Because Nextflow evaluates configuration on the login node before any SLURM jobs are submitted, certain runtime directories, such as TMPDIR and the Singularity cache, must already exist at launch time. A wrapper script is a convenient place to create them before handing off to Nextflow.

#!/bin/bash
set -e

PROJECT_ID="<your_account>"

module reset
module load Nextflow/25.10.2

echo "Creating missing directories..."
mkdir -p /cluster/projects/$PROJECT_ID/my_results
mkdir -p /cluster/work/users/$USER/tmp
mkdir -p /cluster/work/users/$USER/singularity_cache
mkdir -p /cluster/work/users/$USER/singularity_tmp

echo "Launching Nextflow..."
nextflow -c nris.config \
         -c my_pipeline.conf \
         run bio_pipeline.nf \
         -profile saga \
         --account $PROJECT_ID \
         -work-dir /cluster/projects/$PROJECT_ID/nfworkdir/ \
         -resume

Note

Including the -resume flag ensures that if the job fails and needs debugging, the job will resume instead of starting from scratch when rerunning.

Best Practices for Running Pipelines

It is highly recommended to use tmux or screen when running pipelines. Without them, closing your terminal or losing your SSH connection will kill the Nextflow orchestrator process.
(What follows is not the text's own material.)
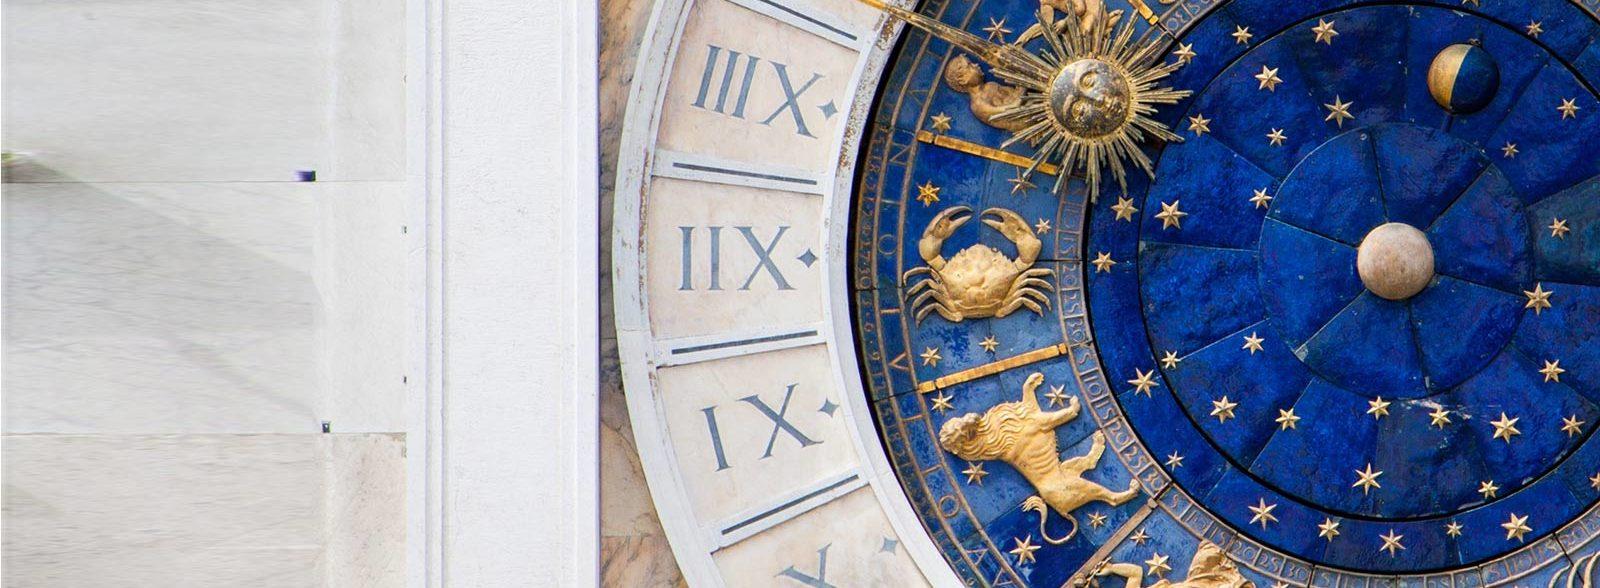 La Torre dell'Orologio di Venezia: perché vale la pena visitarla

Even though the currently running SLURM jobs may finish, Nextflow will no longer be alive to collect their results, submit the next steps of the pipeline, or handle failures.

Below are instructions on how to use tmux and screen:

Start a new session:

tmux new -s <your_job>

To safely detach from the session while leaving Nextflow running in the background:

  1. Press Ctrl+B.

  2. Press D (for detach).

To reattach to the session:

tmux attach -t <your_job>

Execute the Pipeline

Make the wrapper script executable:

chmod +x run_pipeline.sh

Open a tmux or screen session as described above, then run the pipeline:

./run_pipeline.sh

Review the Execution Report

To open the execution report, open a terminal on your local machine and download the report:

scp <your_username>@saga.sigma2.no:/path/to/your/report/execution_report.html ~/Downloads/

Locate the downloaded execution_report.html on your computer and double-click it. It will automatically open in your default web browser (like Chrome, Firefox, Safari, or Edge).

Profiling Memory Usage

If a process continually crashes with Out Of Memory errors, do not blindly increase the memory. Instead, temporarily force the specific process onto the hugemem partition by requesting a massive ceiling (e.g., memory = 3000.GB).

Once the job successfully completes, you can check how much memory it actually used in the execution_report.html (see Review the Execution Report), which logs the peak memory (peak_rss) for every task. Alternatively, run seff <jobid> on the completed job.

To find the Slurm id for your job, run

nextflow log

Pick the name of the run you want to check, and use this command to print the Slurm Job IDs:

nextflow log <run_name> -f name,status,native_id

Now you can run

seff <job-id>

Pay special attention to “Memory Utilized”. You can update your configuration to request exactly that amount (plus a small buffer, for example 20%) for future runs.

Troubleshooting Containerized Scripts

The minimal example in this guide uses simple shell commands inside each process. In real pipelines, process scripts are often separate files. This could for example be a Python script (analyze.py) that relies on internal dependencies like Rscript.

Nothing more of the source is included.